Si pensi se Netanyahu fosse intervenuto sulla decisione della Corte Suprema americana di abolire la entenza Roe v. Wade con cui nel 1973 la stessa Corte aveva legalizzato l'aborto negli Usa. Si pensi se fosse intervenuto in merito alla decisione di Macron di fare passare la riforma delle pensoni senza il concorso dell'Assemblea. Impensabile no? Eppure quello che vale per gli altri Stati non può valere per Israele.
Nel mentre, in Israele ONG di etrema sinistra si danno il passa parola, sostenute dalla maggioranza dei media, televisioni, giornali. Il passaparola è che la riforma attenti alla democrazia, che se dovesse passare, Israele diventerebbe una dittatura. L'isteria monta. Giungono allarmi da parte di agenzie di rating americane le quali ipotizzano senza specificare il nesso causale, che la riforma della giustizia potrebbe portare a gravi conseguenze economiche per il paese.
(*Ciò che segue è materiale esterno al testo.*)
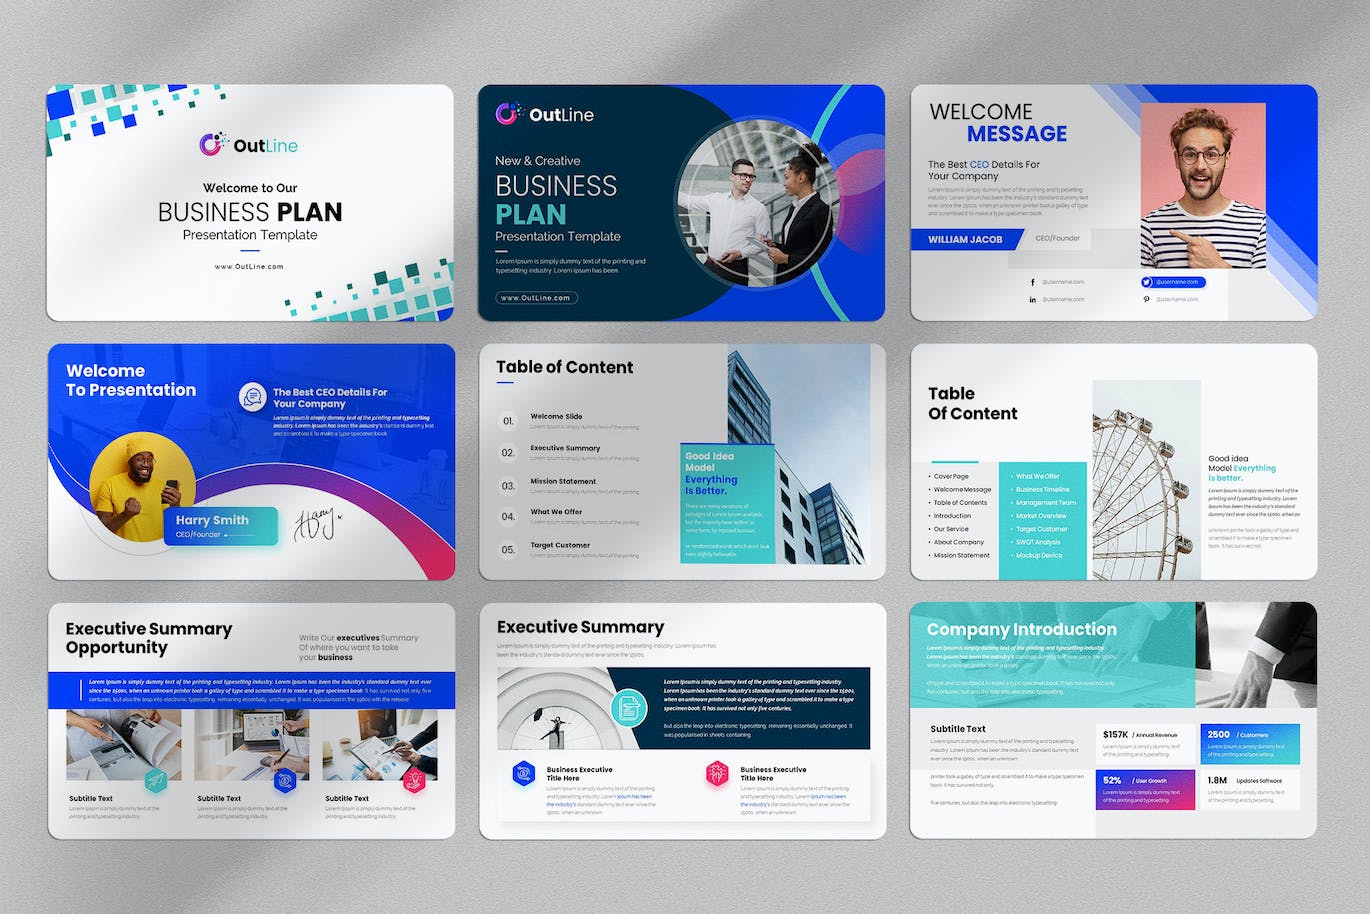 商业计划方案谷歌幻灯片演示文稿模板 Business Plan Google Slides Presentation Template 幻灯图表 第5张

Di seguito la protesta si allarga all'esercito. Un gruppo di riservisti si rifiuta di presentarsi all'addestramento militare anche loro lamentando il rischio di deriva antidemocratica. Le piazze si riempono di decine di migliaia di persone, mostrando come ciò che scriveva Gustave Le Bon a fine Ottocento a proposito della psicologia delle folle sia sempre attuale.
“Annullamento della personalità cosciente, predominio della personalità inconscia, orientamento, determinato dalla suggestione e dal contagio, dei sentimenti e delle idee in un unico senso, tendenza a trasformare immediatamente in atti le idee suggerite, tali sono i principali caratteri dell’individuo in una folla. Egli non è più sé stesso, ma un automa diventato impotente a guidare la propria volontà.”
In questo contesto irrazionale ed esagitato, la moglie di Netanyahu è costretta a farsi scortare fuori da un centro estetico a causa di un cordone di manifestanti che ne blocca l'uscita, lo stesso premier, in partenza per l'Europa deve confrontarsi con il rifiuto dei piloti dell'El Al, la principale compagnia di bandiera israeliana di offrirgli il loro servizio. A Roma, dove si ferma per la prima tappa, la traduttrice italiana scelta per tradurre il suo discorso si rifiuta di farlo.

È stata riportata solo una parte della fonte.